▸ DATA EXCERPT:

>>

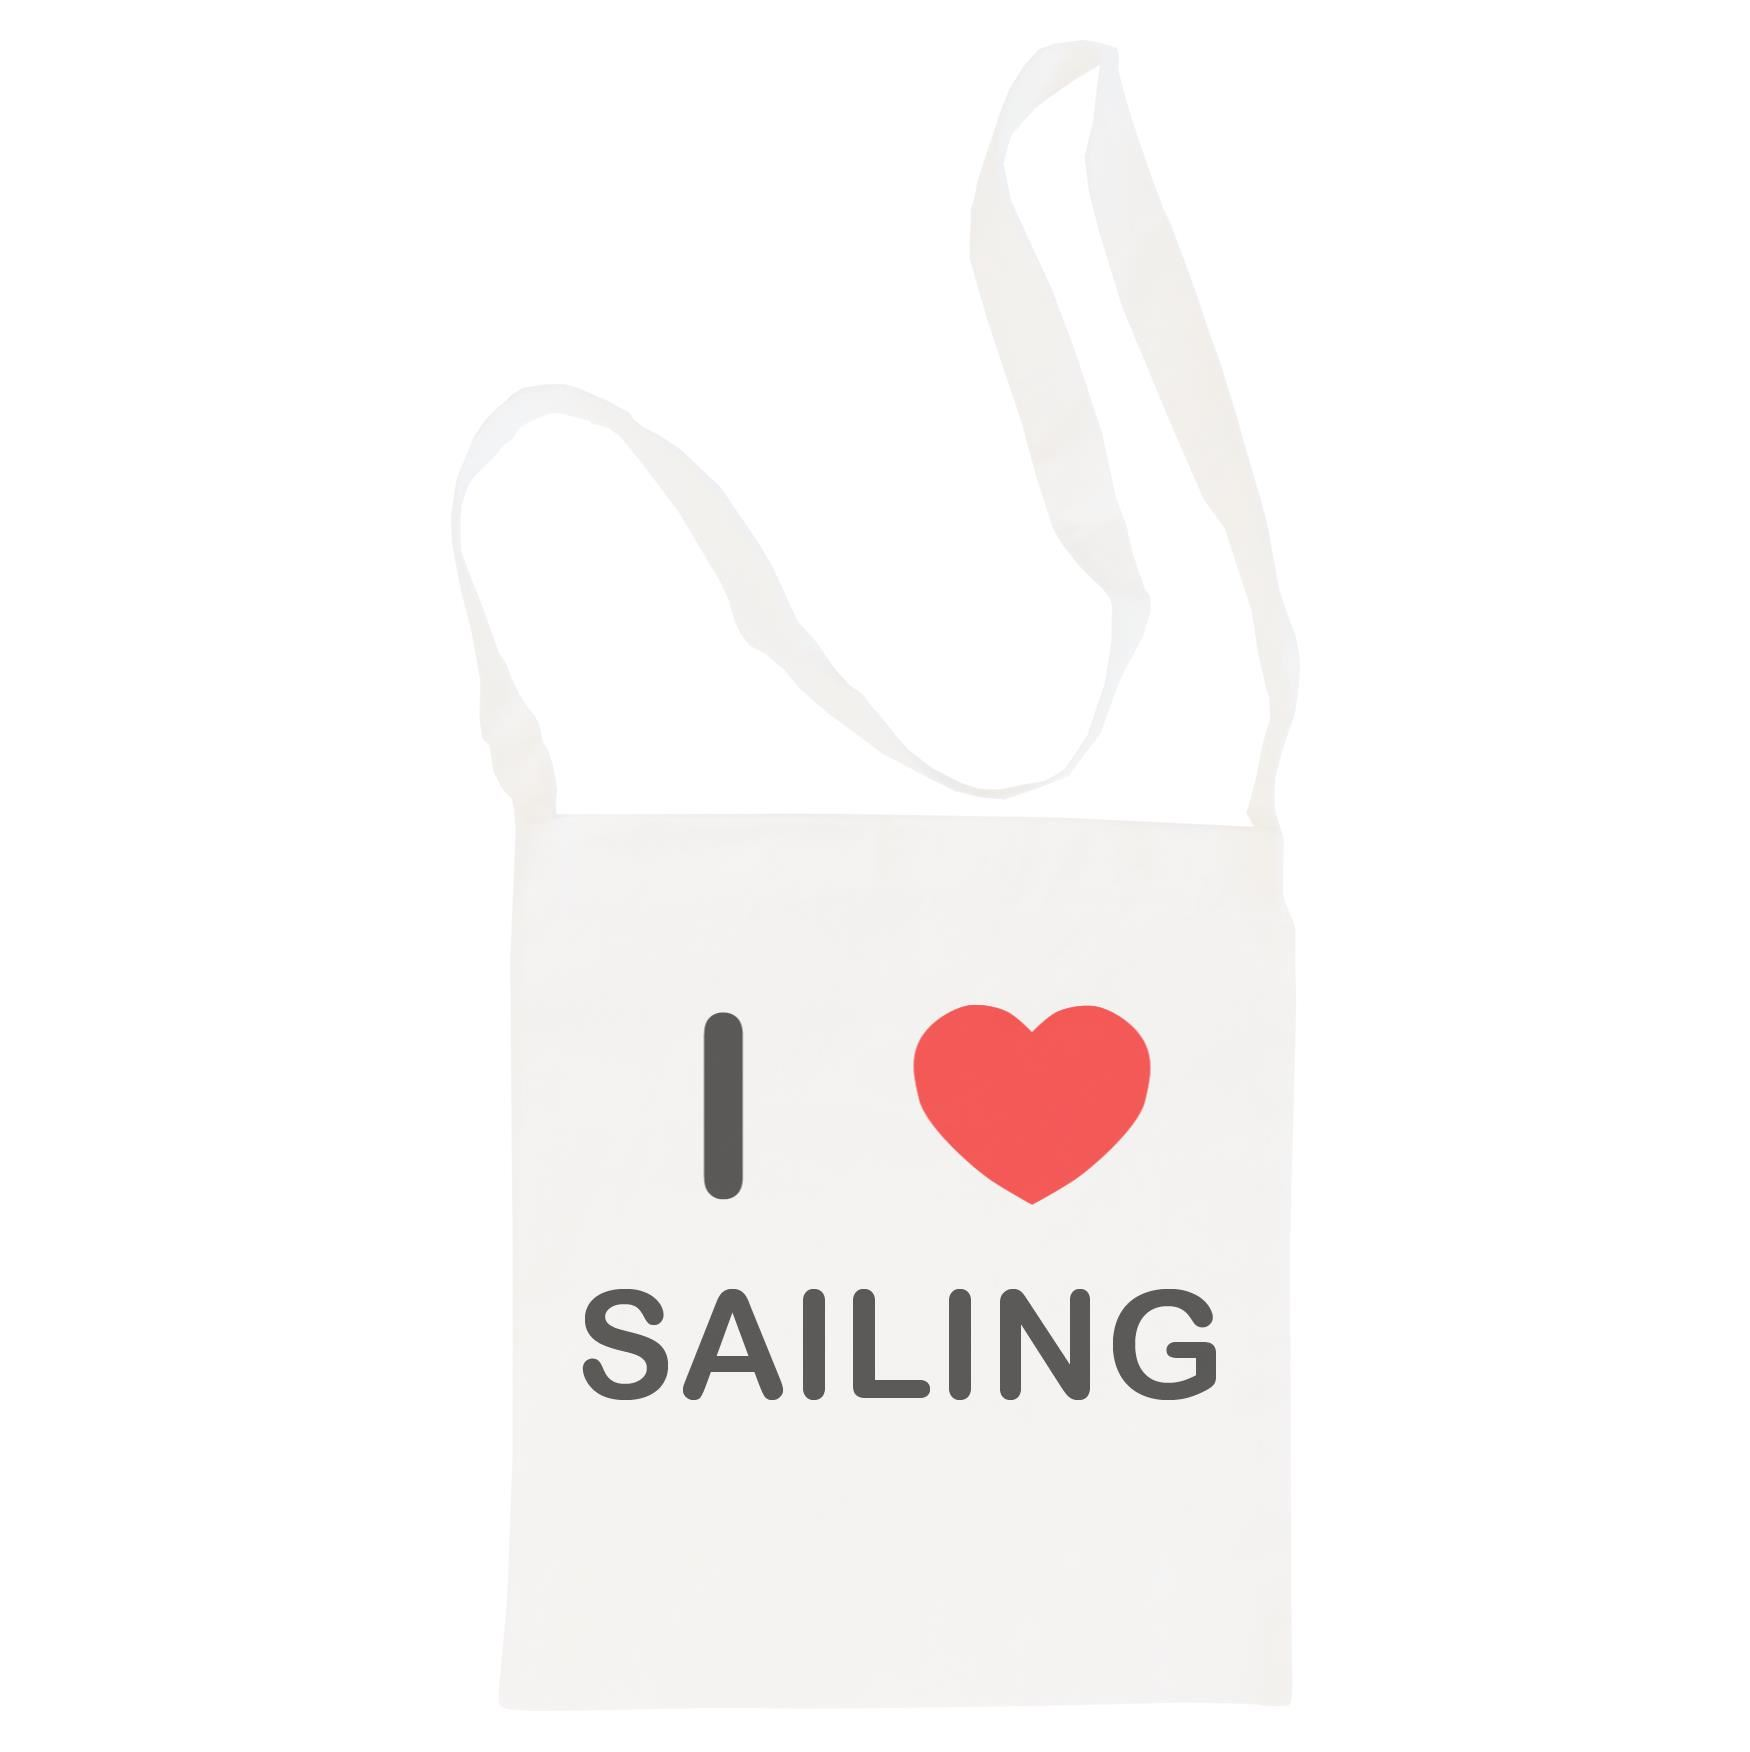 I Love Sailing - Cotton Bag | Size choice Tote, Shopper or Sling
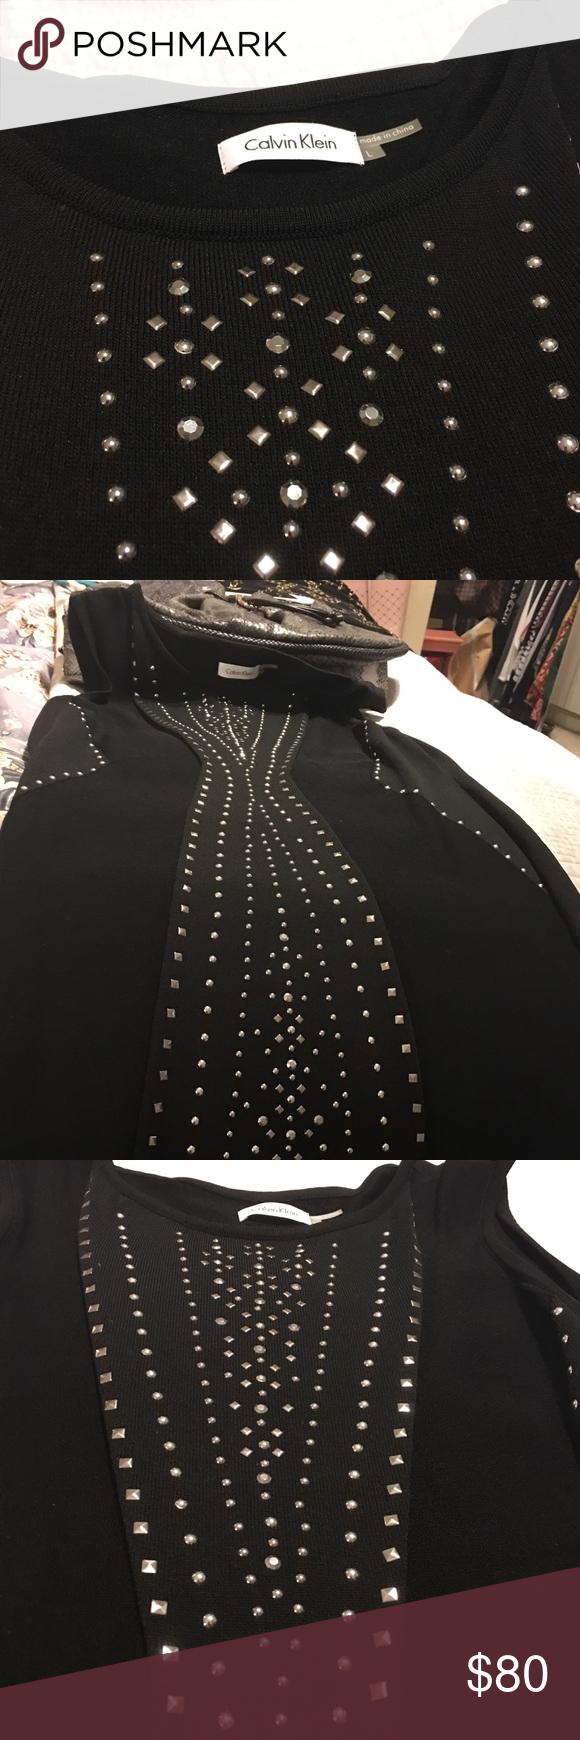 df3fdd884b Black Calvin s Klein knit dress with silver studs Black knit dress never  worn silver studs Calvin
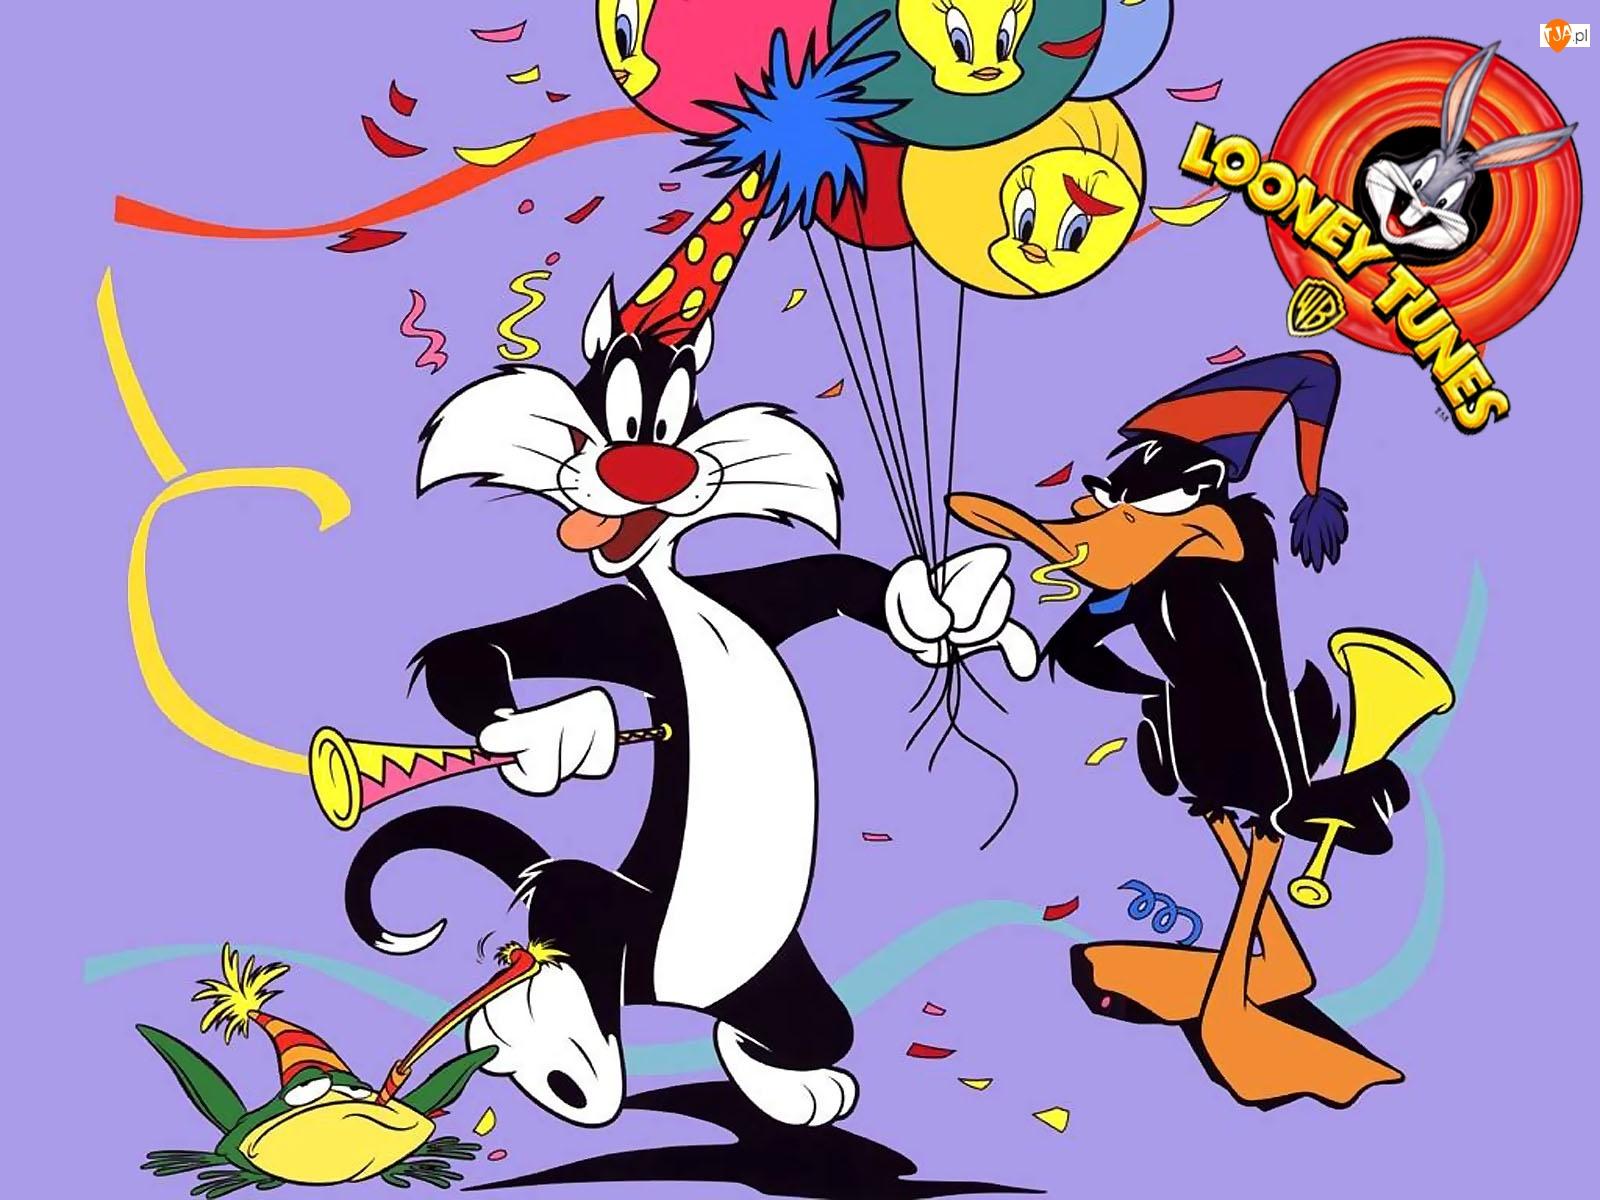 Impreza, Looney Tunes, Baloniki

<<

▸ WORK REQUIRED: Your copy should match the data exactly, apart from the images, which are dropped.

▸ YOUR SOLUTION:
 I Love Sailing - Cotton Bag | Size choice Tote, Shopper or Sling
 df3fdd884b Black Calvin s Klein knit dress with silver studs Black knit dress never  worn silver studs Calvin
 Impreza, Looney Tunes, Baloniki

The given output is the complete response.